Task details = Please output the listing below character for character and omit the images.

Recorded data =
◇ ◇ ◇ ◇ ◇ ◇ ◇

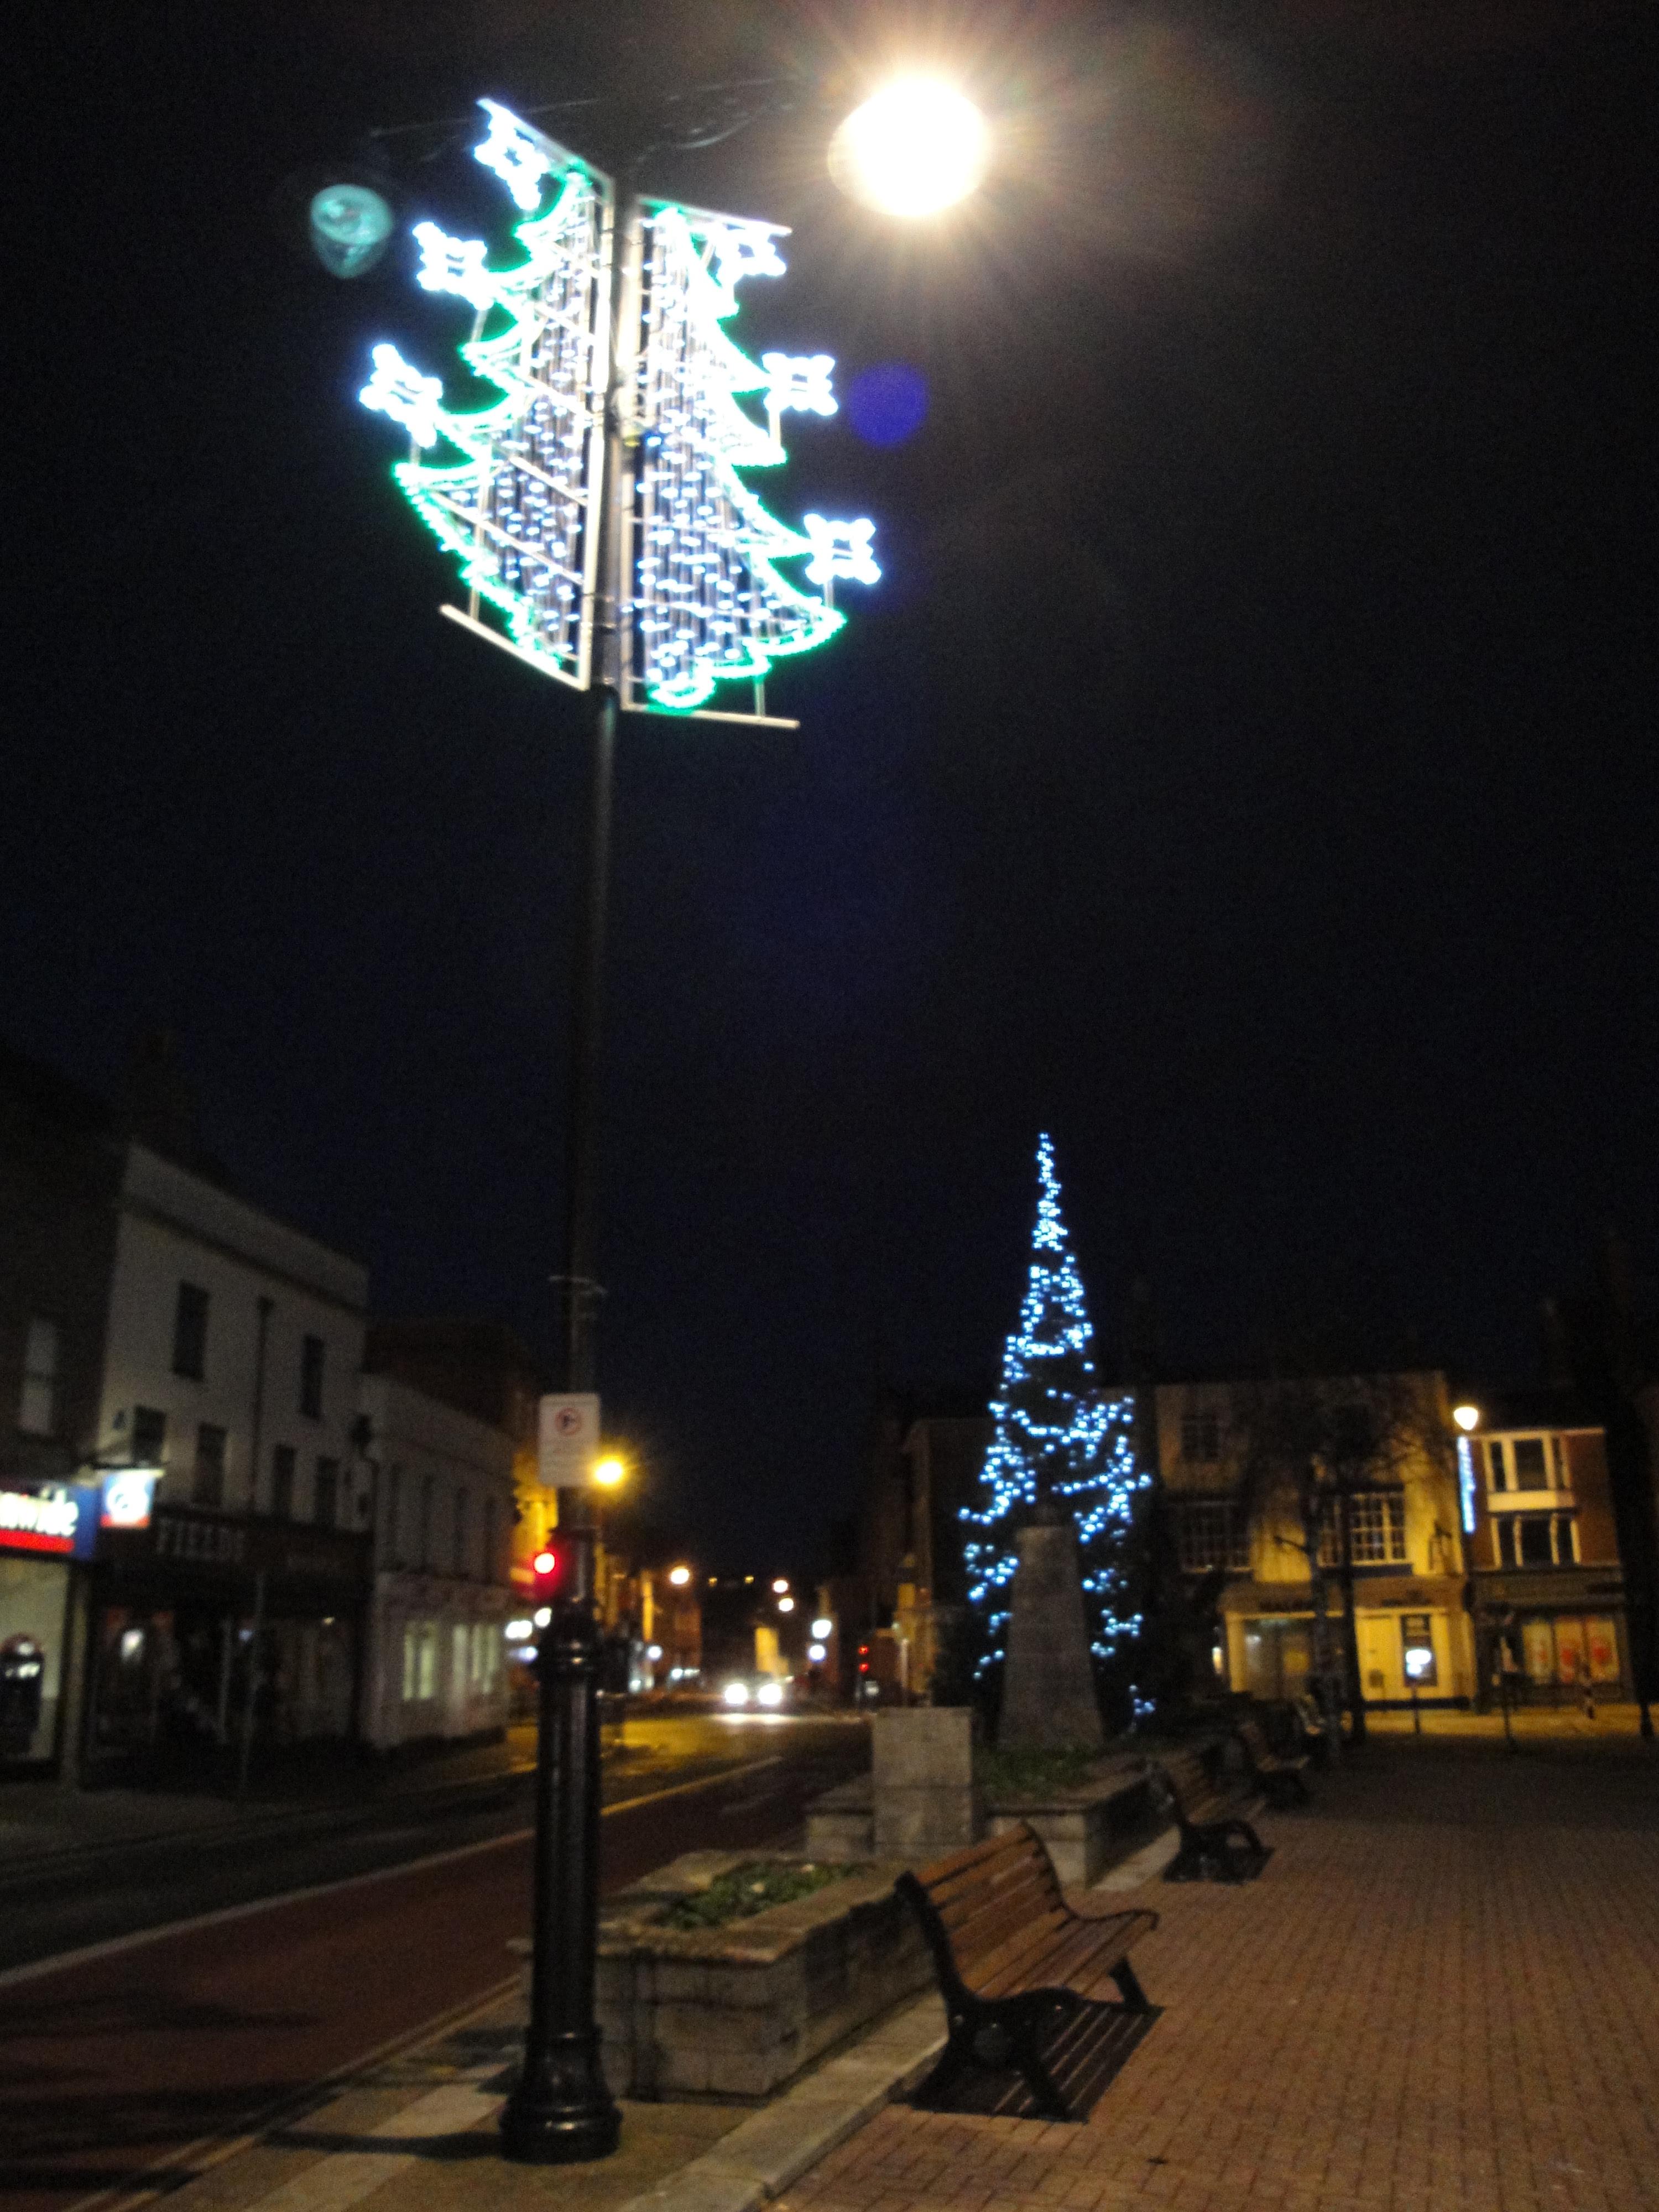 File:Newport St James' Street lamp post Christmas decorations.JPG
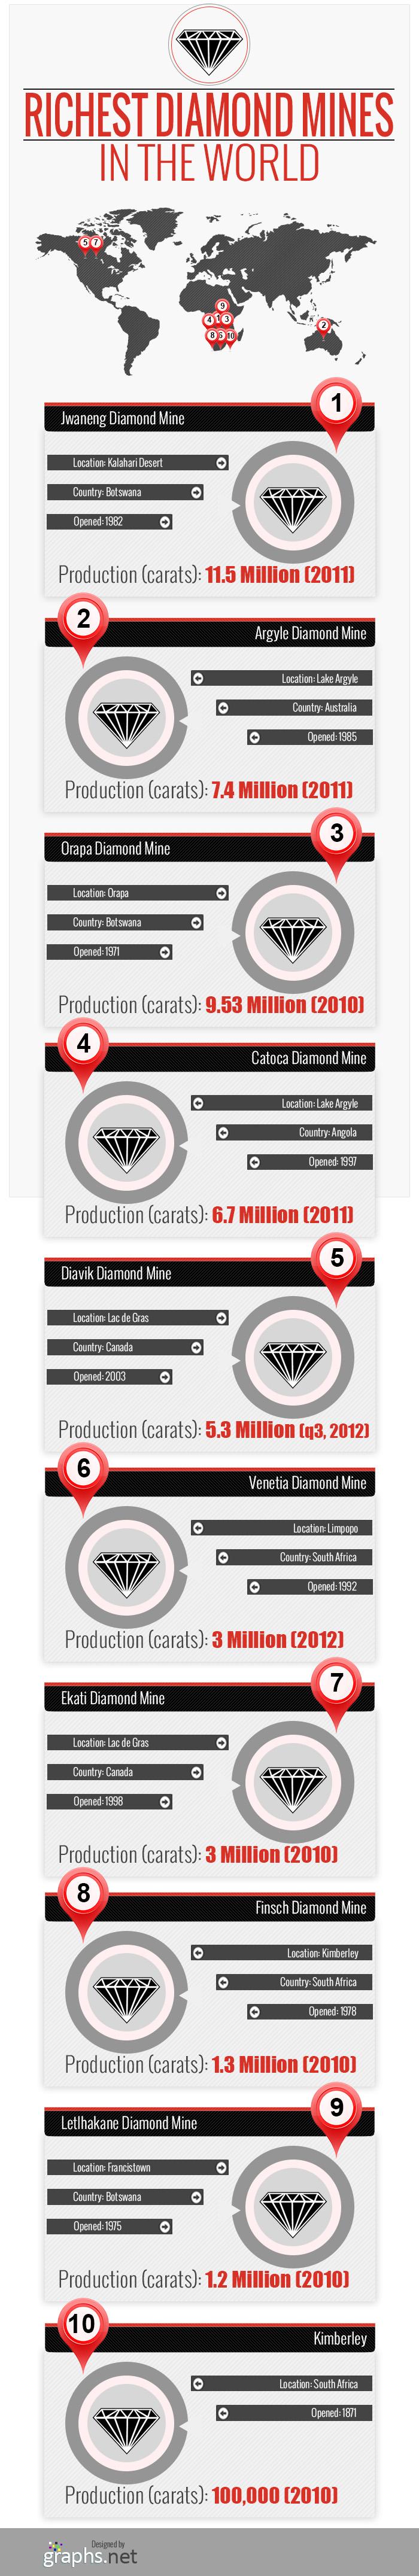 Richest-Diamond-Mines-in-the-World
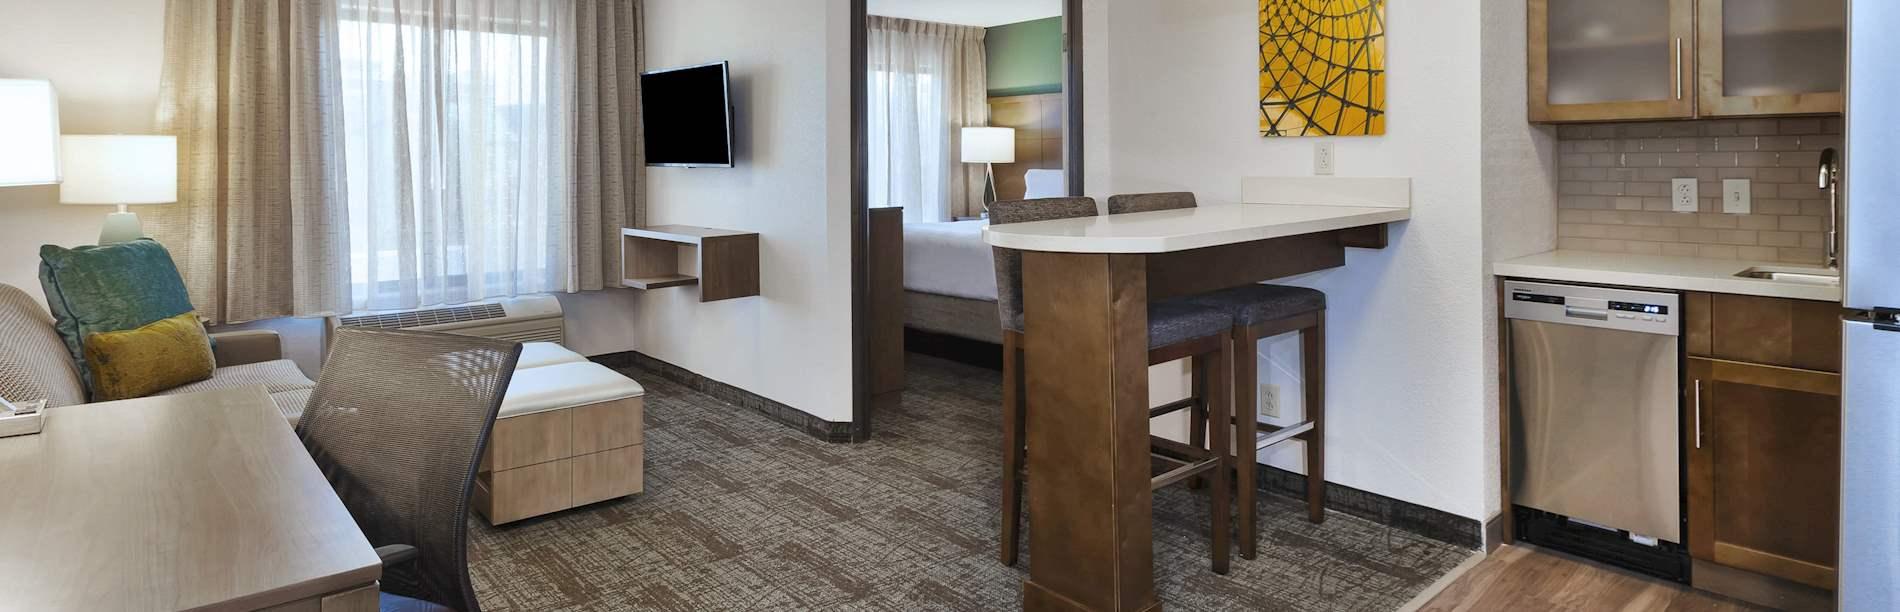 Staybridge Suites Columbia Hotel, Missouri

◇ ◇ ◇ ◇ ◇ ◇ ◇

Solution =
 File:Newport St James' Street lamp post Christmas decorations.JPG
 Richest-Diamond-Mines-in-the-World
 Staybridge Suites Columbia Hotel, Missouri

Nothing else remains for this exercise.